Ventas, Inc. (NYSE:VTR) is one of the four major real estate investment trusts ((REITs)) which derives most of their earnings from senior housing operated portfolio (SHOP), owning or managing (through unconsolidated joint ventures) approximately 1,200 properties. However, the stock has failed to achieve significant price growth, and when compared to its peers, looks really poor.
When it comes to its dividend, Ventas has been able to pay a steady 3 percent plus yield over the past ten years. Though poor performance over the past three to five years is not unusual for the healthcare REIT industry, the case of Ventas is a little different. In my opinion, certain self-inflicted issues like unfriendly behavior with shareholders, bad faith engagement with Land & Buildings, and balance sheet mismanagement have harmed investors more than the prevailing economic and market condition.
Performance of Ventas, Inc. has been really disappointing over the short and medium term. VTR’s total return over the past one year and five years is a measly six percent. Over the past three years, the return was negative. This is despite a steady 3 to 5 percent dividend yield. When compared to its closest competitor, Welltower Inc. (WELL), the company has performed really badly. Not only compared to WELL; its other peers also performed much better.
WELL and VTR have for a long time been the leading healthcare REITs with comparable size, asset quality, and valuations, and they operated in the same SHOP segment. While VTR’s share price dropped by almost 14 percent, WELL’s market price grew by 20 percent over the past five years. Another major healthcare REIT, Medical Properties Trust, Inc. (MPW), recorded an astonishing 55.5 percent price growth over the same period. Such a large gap in performance really needs some reflection.
Ventas had been facing issues long before the covid-19 pandemic set in. In June 2019, Ventas promised a pivot to growth, claiming that occupancy growth and improved delivery would lead towards an earnings growth during the years of 2020 and 2021. The Pivot of Growth also forecasted higher than 12 percent compounded return to the shareholders over the next five years.
However, during the subsequent earnings calls in Q2 and Q3 2019, there were clear indications of divergence from its growth target. VTR’s SHOP segment failed miserably due to some regulatory issues pertaining to the reimbursement system and service classification codes. Based on the performance of its SHOP portfolio, Ventas lowered its 2019 guidance for funds from operation (FFO) to between $3.81 and $3.85 per share, from the previous range of between $3.80 and $3.86 per share.
For a REIT, funds from operation is a true indicator of its operating performance. If we want to measure the efficiency of day-to-day operations, we need to add back depreciation, amortization, and losses on sales of assets to the net earnings and then subtract net interest income and gains on sale of assets. For Ventas, FFO depicts a very poor picture for the past five years. Its FFO has recorded a negative CAGR of almost 7 percent, and 11 percent over the past 5 years and 3 years respectively. YoY decline in its FFO is even worse at around 13 percent.
In late 2017, Ventas created a subsidiary named Eclipse Senior Living (ESL) in order to manage about 80 of its underperforming assets. ESL underperformed in subsequent years and failed to manage those assets. ESL considered implementing a new pricing model for them, which did not materialize due to tough market conditions. In October 2021, Ventas shut down ESL and handed over the operations of 90 underperforming assets to eight local operators.

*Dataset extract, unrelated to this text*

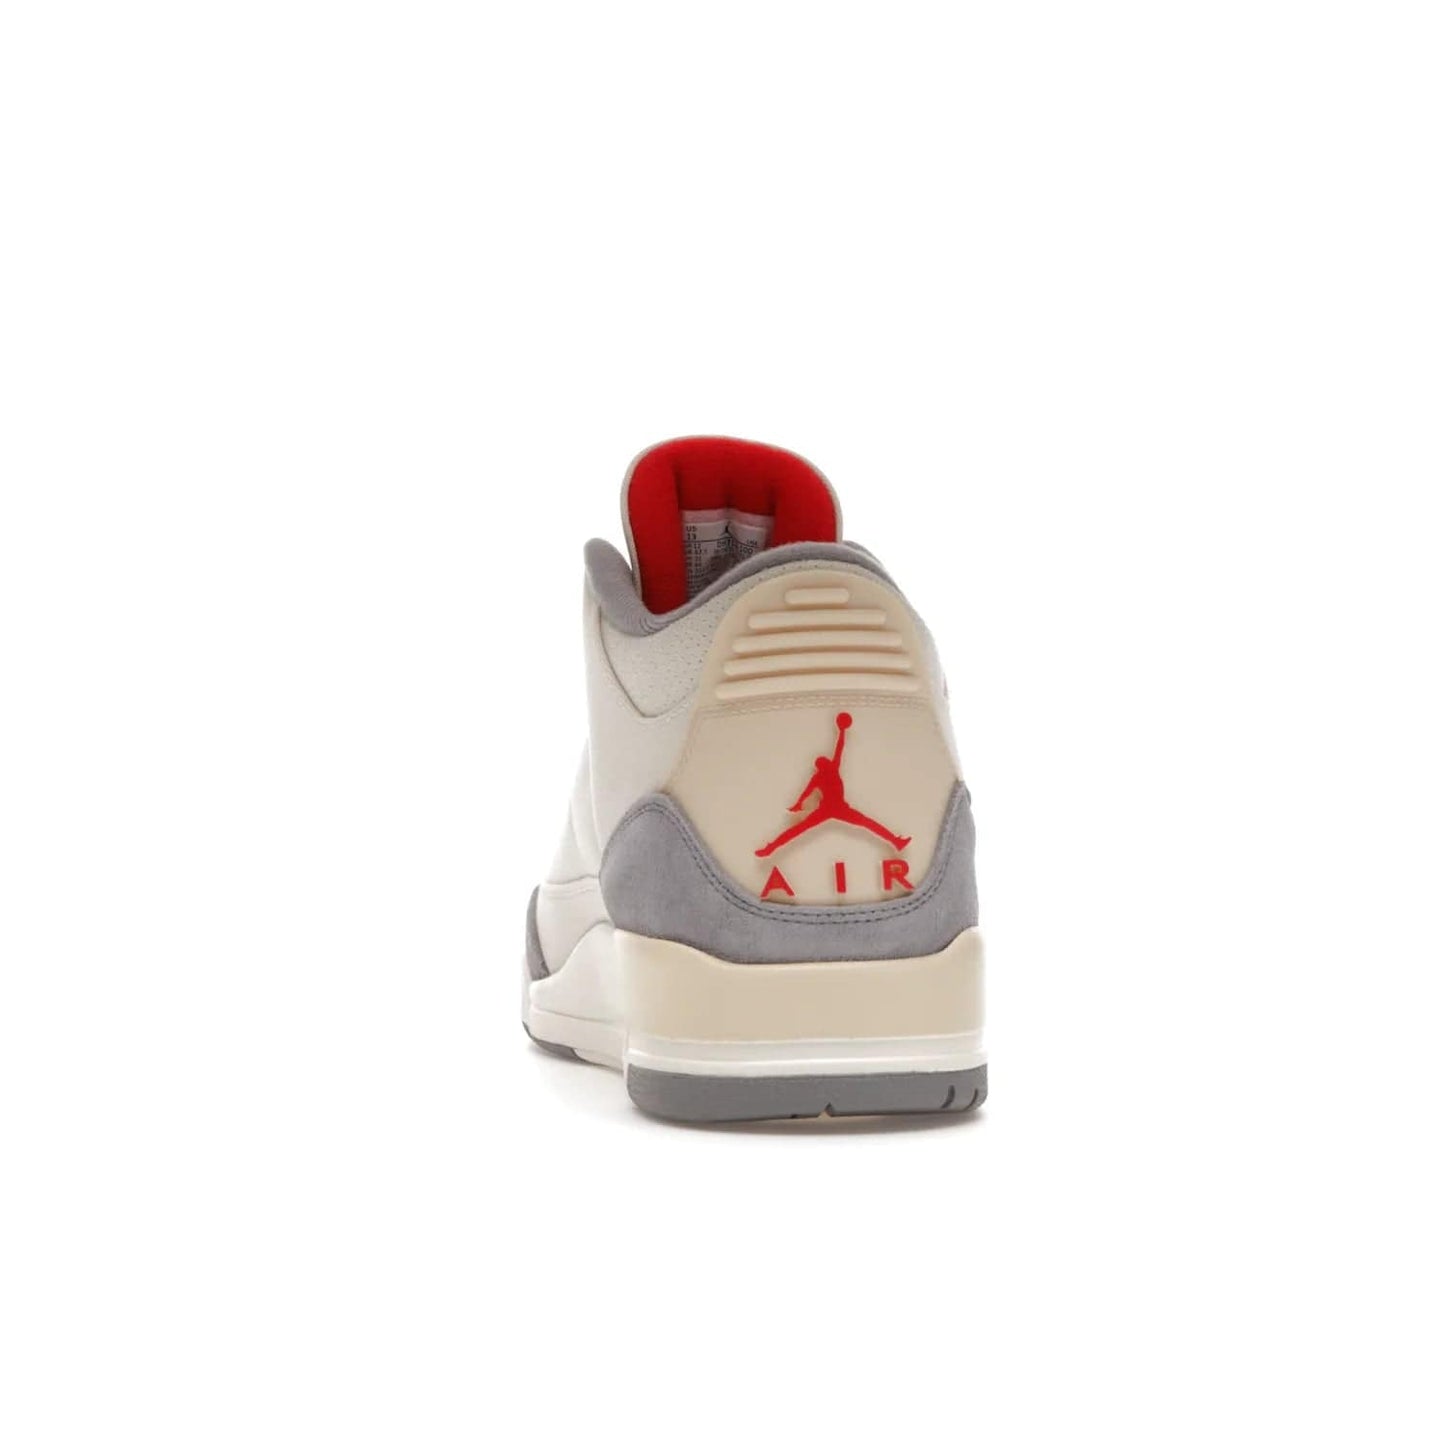 Jordan 3 Retro Muslin - Image 27 - Only at www.BallersClubKickz.com - Eye-catching Air Jordan 3 Retro Muslin in a neutral palette of grey, cream, and red. Featuring canvas upper, suede overlays and white/grey Air Max sole. Available in March 2022.

In between came the covid-19 pandemic in 2020 that had a drastic impact on the SHOP segment, due to less occupancy, shorter stays by patients due to cost constraints, lower reimbursements, increased wages, oversupply, and high death rate among the geriatric population. Such an unexpected pressure on its earnings revealed a deep-rooted problem - that of a poor balance sheet.
As a result, with the emergence of vaccines by the end of 2020, Ventas was forced into a $930 million deal in which it sold 45% ownership in its promising life sciences development pipeline. In order to raise huge cash, the pipeline was sold at book value, and Ventas also destroyed shareholder value by raising equity shares at $45 per share – roughly 35% below the shares’ pre-COVID high.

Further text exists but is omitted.